AMENDMENTNO. 4 TO TECHNOLOGY LICENSE AGREEMENT (PROJECT PHOENIX)

Contract Categories: Intellectual Property - License Agreements
EX-10.31 6 dex1031.htm AMENDMENT NO. 4 TO TECHNOLOGY LICENSE AGREEMENT BETWEEN LEAPFROG AND ANOTO A.B. Amendment No. 4 to Technology License Agreement between LeapFrog and Anoto A.B.

Exhibit 10.31

[ * ] = CERTAIN CONFIDENTIAL INFORMATION CONTAINED IN THIS DOCUMENT, MARKED BY BRACKETS, HAS BEEN OMITTED AND FILED SEPARATELY WITH THE SECURITIES AND EXCHANGE COMMISSION PURSUANT TO RULE 24B-2 OF THE SECURITIES EXCHANGE ACT OF 1934, AS AMENDED.

AMENDMENT NO. 4 TO

TECHNOLOGY LICENSE AGREEMENT

(PROJECT PHOENIX)

This Amendment No. 4 (“Amendment No. 4”) dated as of August 19, 2005 (the “Amendment No. 4 Effective Date”) to that certain Technology License Agreement dated January 25, 2004 (the “Original Agreement”) by and between ANOTO AB, a company incorporated under the laws of Sweden (“Anoto”), ANOTO GROUP AB, a company incorporated under the laws of Sweden (“Anoto Group”) and LEAPFROG ENTERPRISES, INC., a company incorporated under the laws of Delaware (“LeapFrog”). Each of Anoto, Anoto Group, LeapFrog are referred to as a “Party”, and collectively as the “Parties”. Capitalized terms not defined in this Amendment No. 4 will have the meaning ascribed to them in the Original Agreement.

BACKGROUND

The Parties entered into the Original Agreement as of January 25, 2004.

The Parties desire to amend the Original Agreement in order to (1) enable LeapFrog to use Licensed Anoto Technology in a Licensed Product which has limited functionality and a lower royalty rate and (2) allow LeapFrog appropriate access to certain Anoto Technology in view of the increased integration of Licensed Anoto Technology into LeapFrog products.

Based on the foregoing, and in consideration of the mutual promises and covenants set forth below and other good and valuable consideration the receipt and adequacy of which is hereby acknowledged, the Parties hereby agree as follows:

1. Definitions. The following additional definitions are hereby added to the Original Agreement:

“Level 1 Licensed Products” means the following two categories of Licensed Products: (1) a Licensed Product that has the ability to [*] but does not have the ability to [*] and (2) a Licensed Product that has the ability to [*] but does not have the ability to [*].

“Level 2 Licensed Product” means a Licensed Product that has the ability to [*] but does not have [*] functionality beyond the foregoing.

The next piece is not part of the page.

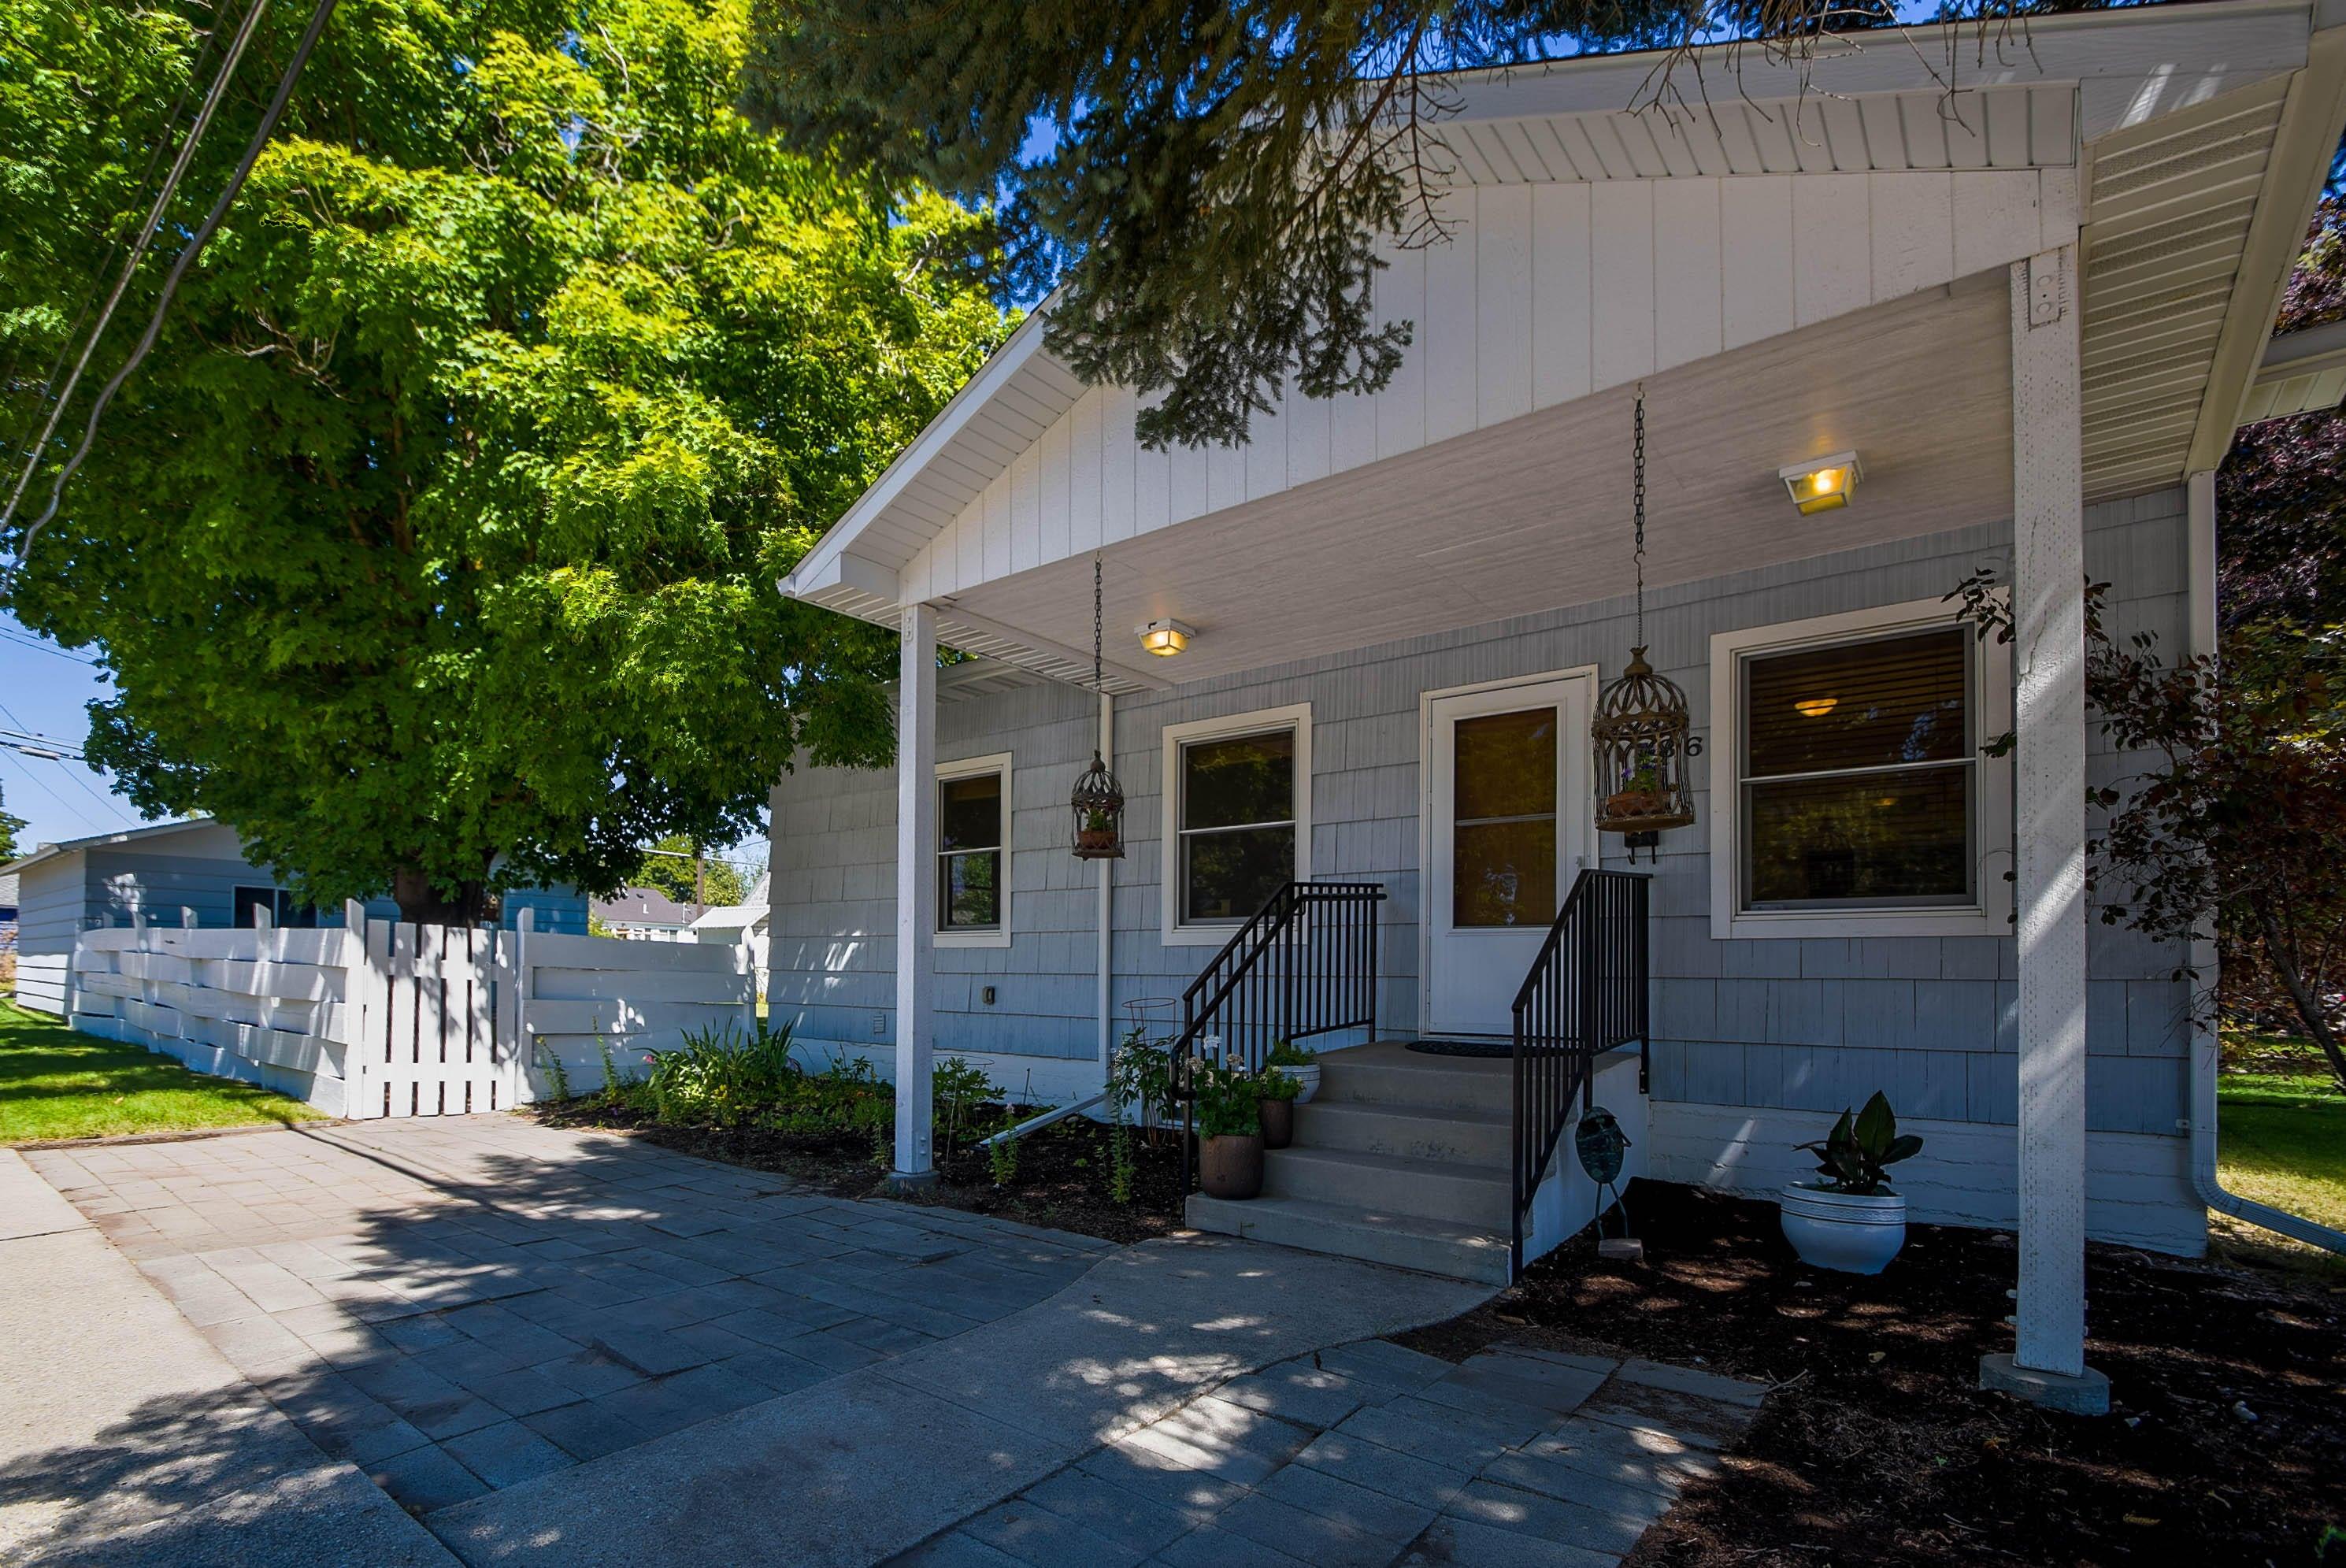 1736 Park Street, Missoula, MT 59801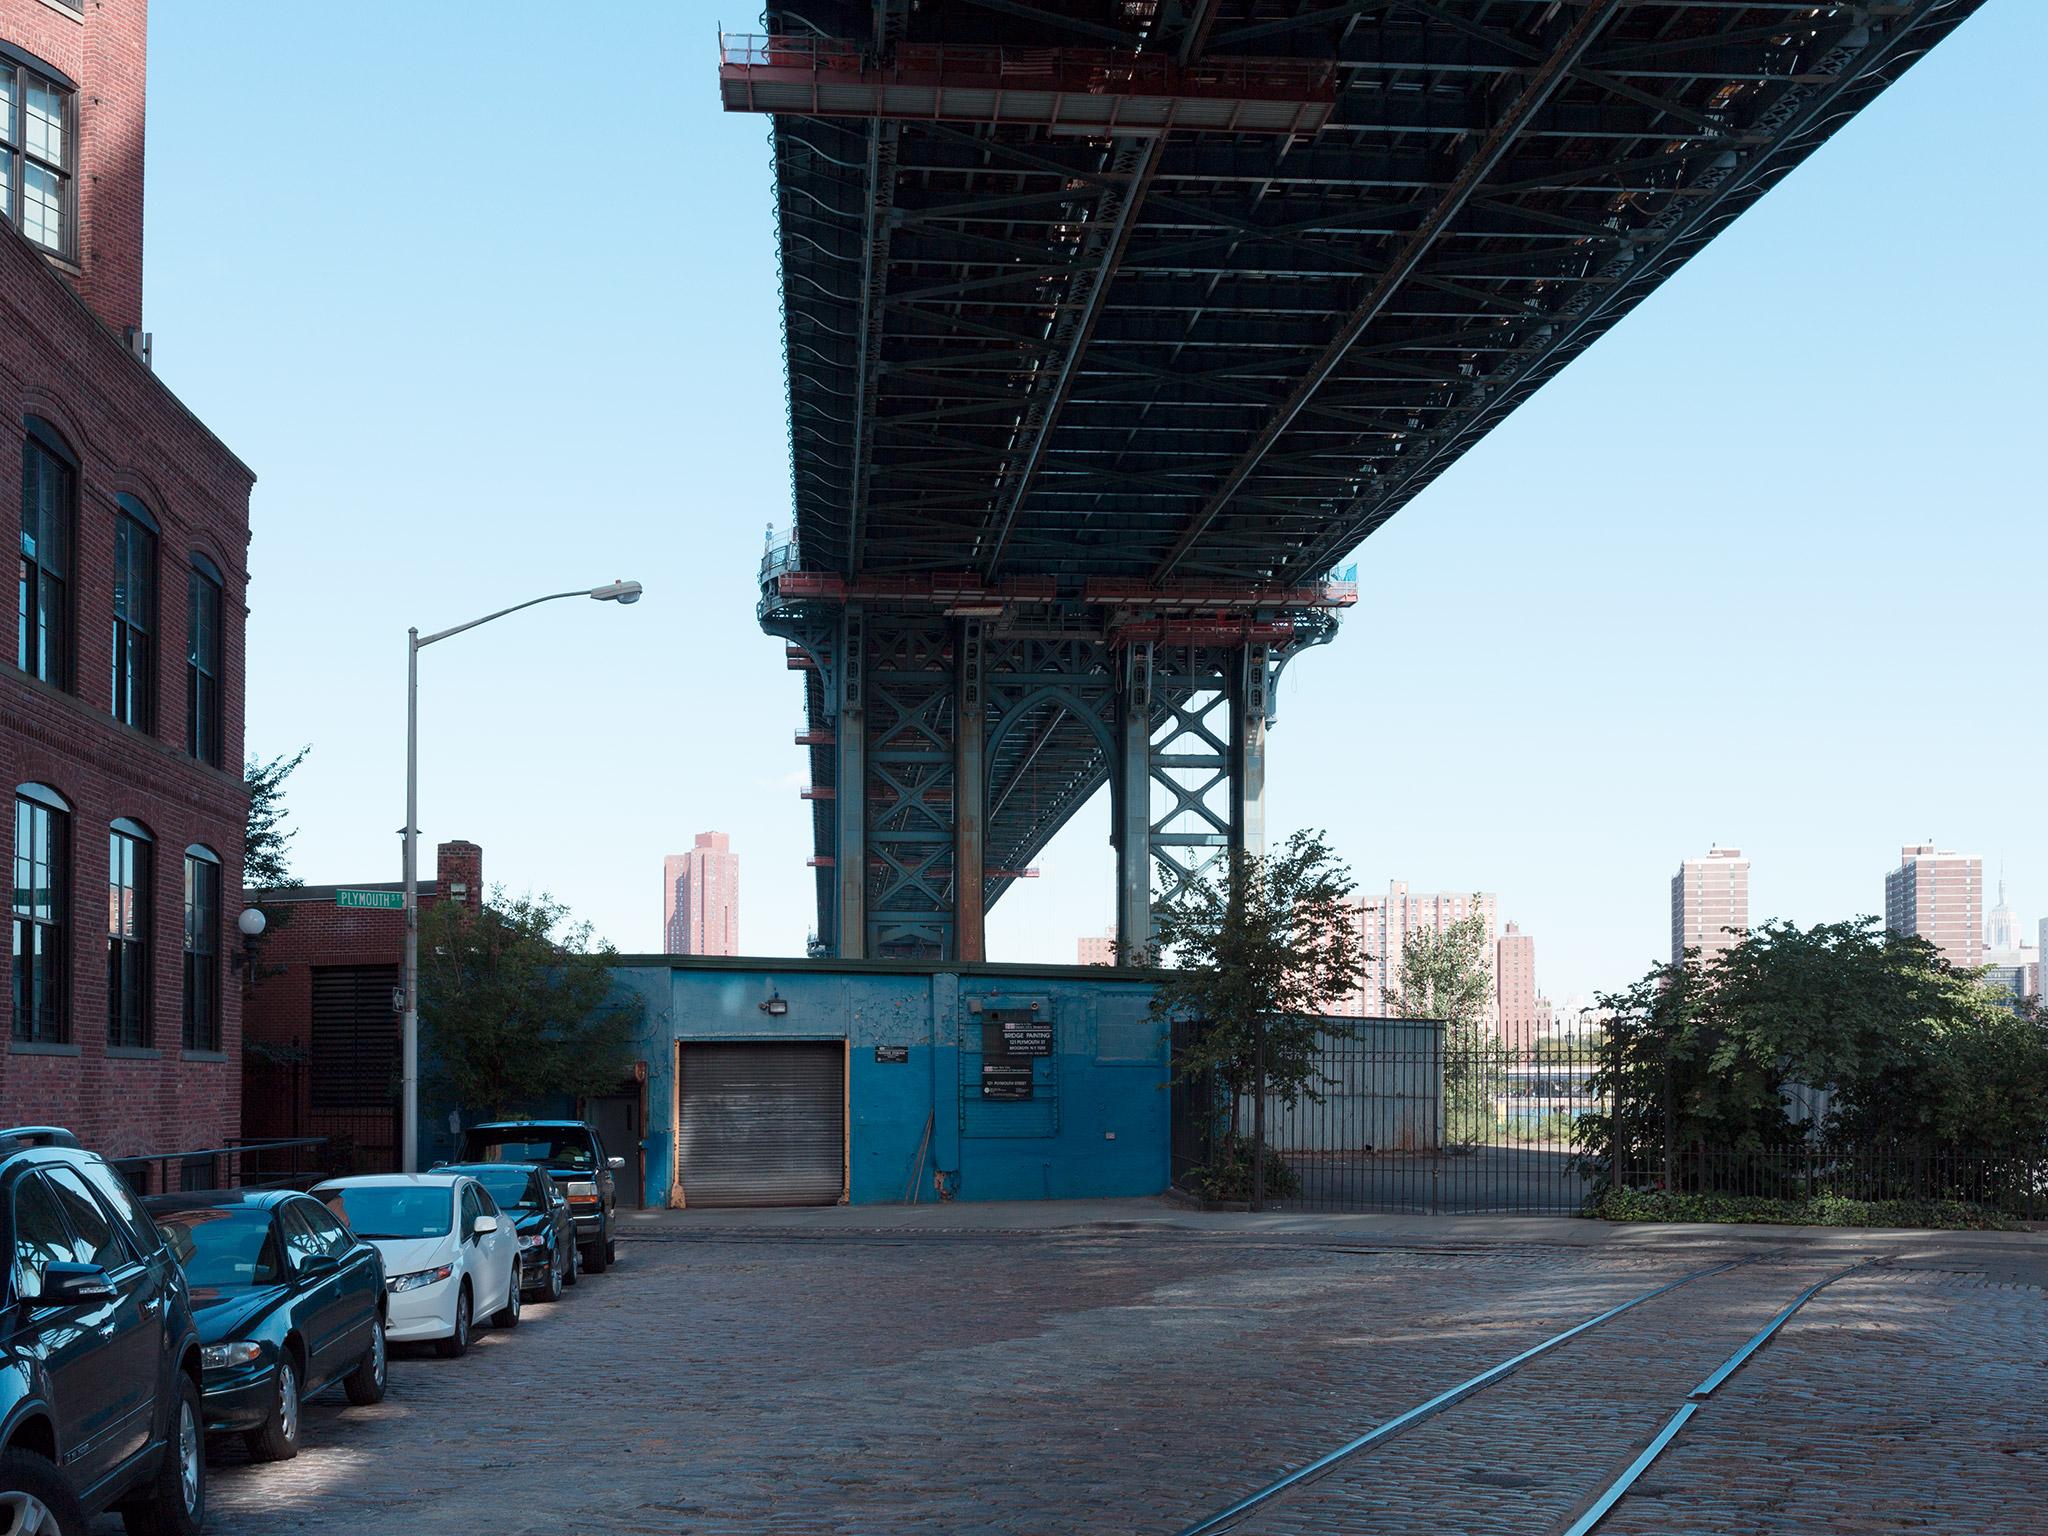 Bridge overhead   DUMBO September 16th, 2012   Adams Street and Plymouth Street  40.703522, -73.988767

2. Amendment to Schedule G of the Original Agreement. A new Section 7 is hereby added to Schedule G of the Original Agreement as follows:

7. Royalties for Level 1 Licensed Products and Level 2 Licensed Products. The provisions of Sections 1, 2 and 4 of Schedule G shall not apply to Level 1 Licensed Products and Level 2 Licensed Products. LeapFrog shall pay an IPR Royalty of [*] for each Level 1 Licensed Product sold by LeapFrog. LeapFrog shall pay an IPR Royalty of [*] for each Level 2 Licensed Product sold by LeapFrog. LeapFrog may offer to end users an add-on device which converts a Level 1 Licensed Product to a Level 2 Licensed Product (a “Converter”). LeapFrog shall pay an IPR


Royalty of [*] for each Converter sold by LeapFrog. The foregoing royalty obligations shall not apply to [*] In particular, there shall be no royalty obligations with respect to [*] Content sold for use with Licensed Products having capabilities [*] is subject to the LeapFrog Content Royalty according to the Original agreement. The IPR Royalties under this Section 7 of Schedule G will be deducted against the Advance Royalties paid under Section 5 of this Schedule G.

3. Escrow Considerations. The parties acknowledge that Anoto and LeapFrog have been negotiating a technology escrow agreement pursuant to the provisions of Section 11.4 of the Original Agreement. The parties agree that the escrow agreement will provide that, in addition to a release of the Deposit Materials in the event of an Anoto Bankruptcy Event, LeapFrog will be entitled to a release of the Deposit Materials upon the occurrence of the following event: Anoto or Anoto Group materially breaches the executed version of the Agreement for Mutual Maintenance and Support under the Technology License Agreement and fails to cure such material breach within thirty (30) days of written notice thereof. For the avoidance of doubt, the license rights under Section 11.4(h) shall apply equally to Licensed Products, Level 1 Licensed Products and Level 2 Licensed Products.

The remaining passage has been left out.